- DVD cover
- Directed by: Joshua Michael Stern
- Written by: Joshua Michael Stern
- Produced by: Sidney Kimmel; Greg Shapiro;
- Starring: Ian McKellen; Aaron Eckhart; Brittany Murphy; Nick Nolte; William Hurt; Jessica Lange;
- Cinematography: Michael Grady
- Edited by: Jeff McEvoy
- Music by: Philip Glass
- Production companies: Kingsgate Films; Legacy Filmworks; Sidney Kimmel Entertainment; Neverwas Productions;
- Distributed by: Miramax Films
- Release date: September 9, 2005 (Toronto);
- Running time: 108 minutes
- Countries: United States; Canada;
- Language: English

= Neverwas =

Neverwas is a 2005 Canadian-American fantasy drama film, written and directed by Joshua Michael Stern in his directorial debut. It stars Ian McKellen, Aaron Eckhart, Brittany Murphy, Nick Nolte, William Hurt, and Jessica Lange. It was first shown at the 2005 Toronto International Film Festival. However, the film was never given a full theatrical release, eventually being released straight to DVD in 2007.

==Plot==
Zach Riley is a psychiatrist who leaves a job at a prestigious university to take up a position at the privately run mental institution, Millwood, belonging to Dr. Reed. What he doesn't reveal at the time of his appointment is that this was the very place where his novelist father, T.L. Pierson, spent many years of his life as he battled chronic depression. T.L. later wrote a popular children's classic, Neverwas, about a child (based on young Zach himself) who enters a secret world to free a captive king. T.L. later committed suicide; Riley, who found the body, has always partly blamed himself for his father's death.

Riley is assigned to work with a schizophrenic patient, Gabriel Finch, and soon realizes that Finch sees himself as the captive king. As he listens to Finch and resumes his acquaintance with childhood friend Maggie Paige, he realizes that more things link him to the book – and also to Finch's recovery – than he ever thought. T.L.'s novel was based on Finch's stories, told to him by Finch while both were patients in the hospital. Finch believes that the book is a sort of oracle confirming his personal reality, and that Riley is the boy hero. Riley comes to see himself this way in a sense, as he discovers that Finch's "hallucination" concerns actual places and events.

==Production==

===Development===
The film was written and directed by filmmaker Joshua Michael Stern in his directorial debut. It was produced by Sidney Kimmel and Greg Shapiro, and co-produced by Aaron Eckhart who starred in the leading role.
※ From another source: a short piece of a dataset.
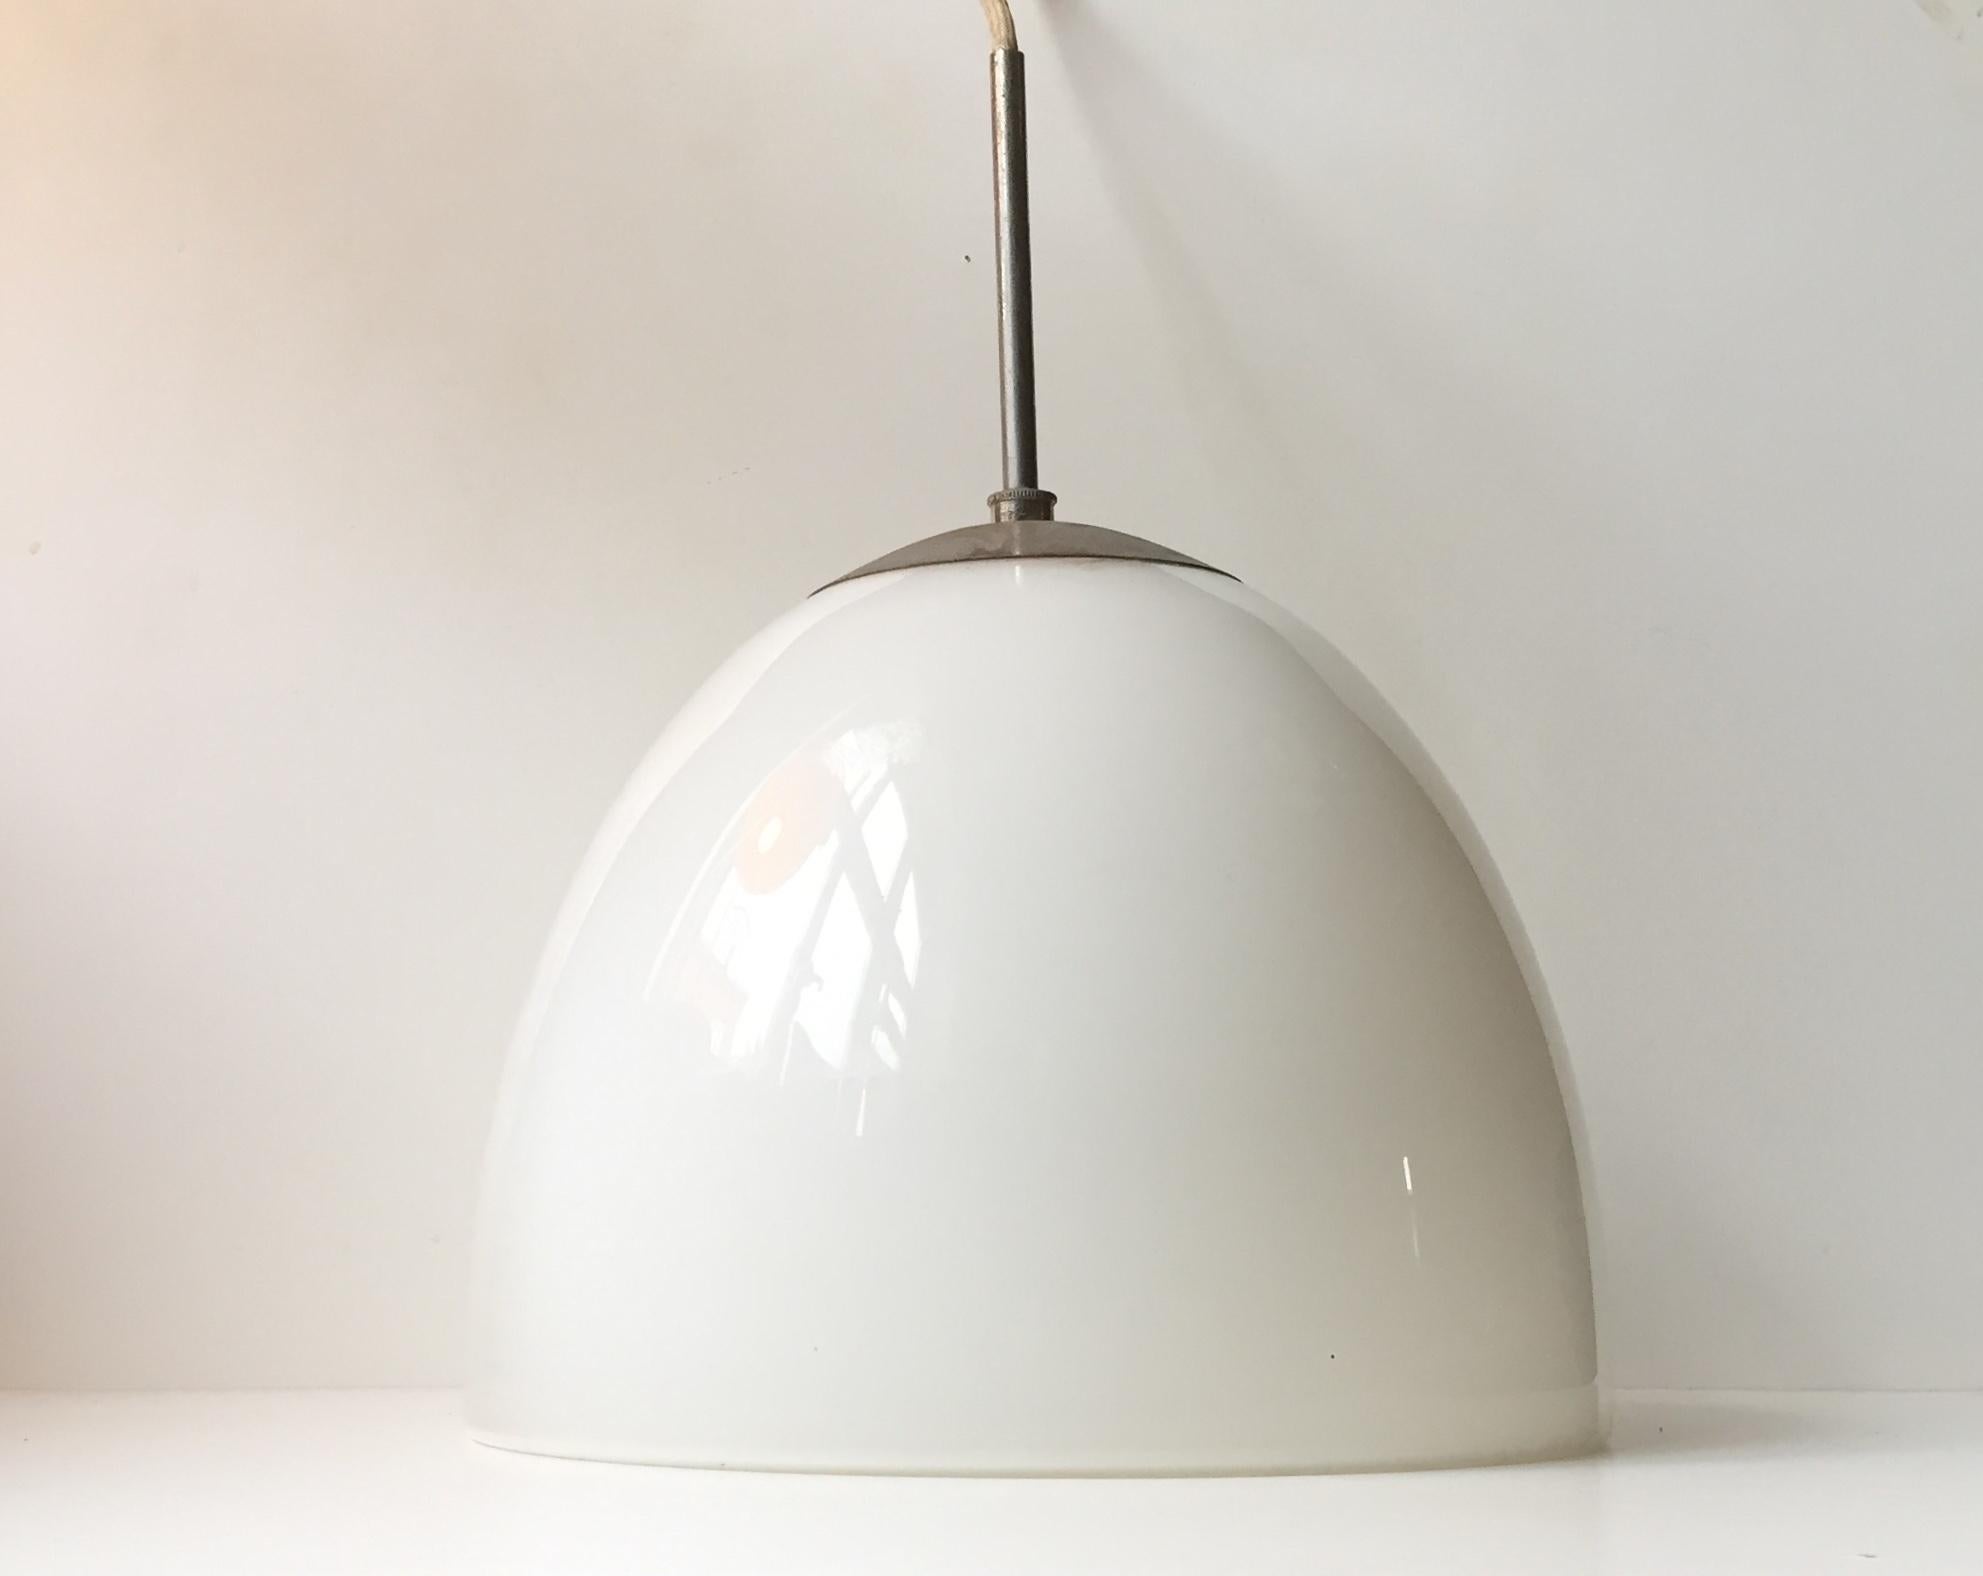 This white opal glass and chromed Steel Bell shaped pendant light was manufactured by Louis Poulsen in Denmark during the 1950s. The style is Funkis or Bauhaus and design is reminiscent of works from Vilhelm Lauritzen.

The film was distributed by Neverwas Productions and premiered at the Toronto International Film Festival on September 9, 2005. It was initially distributed by Miramax Home Entertainment for its home media release. Owing to the theme of a fairy tale which is based on real events, the film has often been compared with Finding Neverland (2004), which Miramax were also involved with.

===Filming===
Principal photography took place in September 2004 in Vancouver, British Columbia, Canada.

==Home media==
The film's U.S. DVD from Miramax Home Entertainment was released on July 3, 2007.

In December 2010, Miramax was sold by The Walt Disney Company, their owners since 1993. That same month, the studio was taken over by private equity firm Filmyard Holdings. Filmyard licensed the home media rights for several Miramax titles to Echo Bridge Entertainment, and on February 14, 2012, Echo Bridge reissued Neverwas on DVD. It was one of the more recent Miramax films to be reissued by Echo Bridge, as the initial home video release had only occurred four year prior. In 2011, Filmyard Holdings licensed the Miramax library to streamer Netflix. This deal included Neverwas, and ran for five years, eventually ending on June 1, 2016.

Filmyard Holdings sold Miramax to Qatari company beIN Media Group during March 2016. In April 2020, ViacomCBS (now known as Paramount Skydance) acquired the rights to Miramax's library, after buying a 49% stake in the studio from beIN. Neverwas was one of the 700 titles they acquired in the deal, and since April 2020, the film has been distributed by Paramount Pictures. On March 4, 2021, Neverwas was made available on Paramount's new streaming service Paramount+, as one of its inaugural launch titles.